We had a rental car, but only used it when we left downtown.  We walked mostly.  The city is very walkable.  Taxis also were plenty.  We saw plenty of buses and people on them, but we didn't use them. 

Are you using Canadian money or U.S.?

In the downtown area on Granville Street (Main Drag) there were several money exchange businesses.  The rates I got were Canadian $ 1.23 to One US dollar.  This is a lot better than last year, when it was almost one to one.


----------



## i39249 (Apr 9, 2009)

You don't need to buy a book.  I got a travel guide at the local AAA office and borrowed several books at the local library.  I also used tripadvisor.com and the internet for my searches.  When you drive up north, take a GPS with you.  It will help.  When you get to Victoria or Vancouver, all the hotels (timeshares included) and visitor centers will have local walking or driving maps.


----------



## Karen G (Apr 9, 2009)

i39249, thank you for that great review.  Please copy and paste it into the review form for the TUG Resort Reviews so that it will be readily available to other Tuggers who will search the Canada reviews in the future. Just click on 'TUG Resort Databases' on the red bar at the top of the page, log in, and go to the Resort Reviews and submit your review.


----------



## Cathyb (Apr 9, 2009)

Rick: You are right I should read up on Canada and I apologize on my ignorance; however we travel to so many places every year that time to read in detail on one area is almost non-existent.  As an example, this one trip from San Diego to Canada and return involves 14 stops overnight which I am trying to use Marriott points, Worldmark credits,  Evergreen Club, etc. to keep the costs down.  Add my age (71) to that and maybe you'll see why I ask so many questions .  I truly appreciated yours and the other answers and comments and have a thick file of notes forming for this trip.


----------



## BevL (Apr 9, 2009)

falmouth3 said:


> One thing we noticed that was different when we were in Canada in May a couple of years ago is that all the TVs in bars, lobbies, etc. were tuned to the Stanley cup playoffs.  We got home in time for the finals and our news didn't even mention the score of the first game.  :annoyed:  I wrote a letter to the sports director of my favorite local news channel and he acknowledged that it was an oversight that they would remedy.

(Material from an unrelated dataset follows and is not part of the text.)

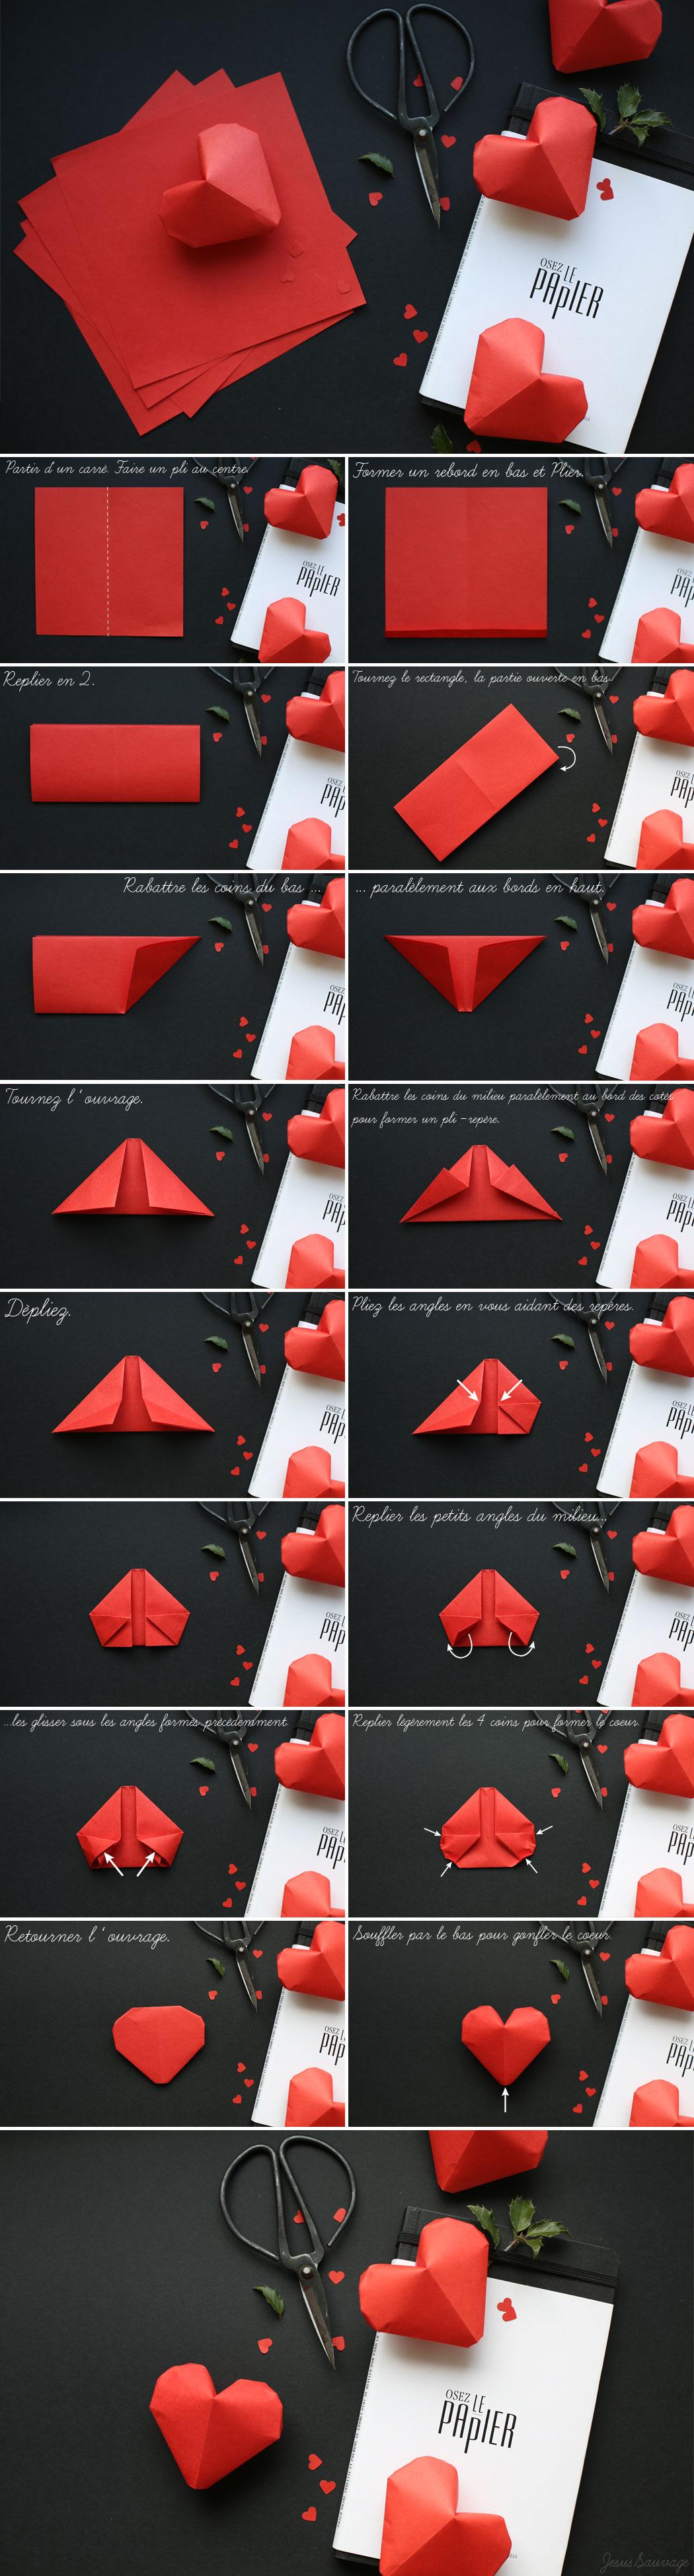 Origami_coeur_inflatable_saintvalentin_jesussauvage

Welcome to our world when we travel in the US.  Hockey scores are buried in the sports pages somewhere next to the donkey race results from an obscure Himalayan village.


----------



## ricoba (Apr 9, 2009)

Cathyb said:


> Rick: You are right I should read up on Canada and I apologize on my ignorance; however we travel to so many places every year that time to read in detail on one area is almost non-existent.  As an example, this one trip from San Diego to Canada and return involves 14 stops overnight which I am trying to use Marriott points, Worldmark credits,  Evergreen Club, etc. to keep the costs down.  Add my age (71) to that and maybe you'll see why I ask so many questions .  I truly appreciated yours and the other answers and comments and have a thick file of notes forming for this trip.



While I was surprised about your question about which side of the road do Canadian's drive on, what really troubles me is how ill informed many US citizens are about Canada.

Canadian's can be quite sensitive to the fact that they learn so much about the States and we learn so little about Canada.

For them it's kind of like the dilemma of "the mouse" living next door to "the elephant". Even though they are geographically much larger than the US, their population is very small at about 33,000,000 people.  So their uniqueness is sort of blurred by the fact that they live right next door to the USA.

For a good read that often highlights the historical differences between the US & Canada, Pierre Berton's books are excellent and are easy reads.  I can easily recommend, _Klondike, The National Dream and The Last Spike_.

As well, I have also enjoyed the books of W.P. Kinsella (whom I have had the privilege of meeting). (His novel _Shoeless Joe Jackson_ was adopted for the movie Field of Dreams).  But the books of his I like are his stories about life on Native American Reserves in Alberta, _Dance Me Outside and The Moccasin Telegraph and Other Stories_  Both give a good lesson in Native American/Aboriginal life from the Canadian perspective.

Another place of course to learn more about Vancouver is online at The Vancouver Sun or The Province. 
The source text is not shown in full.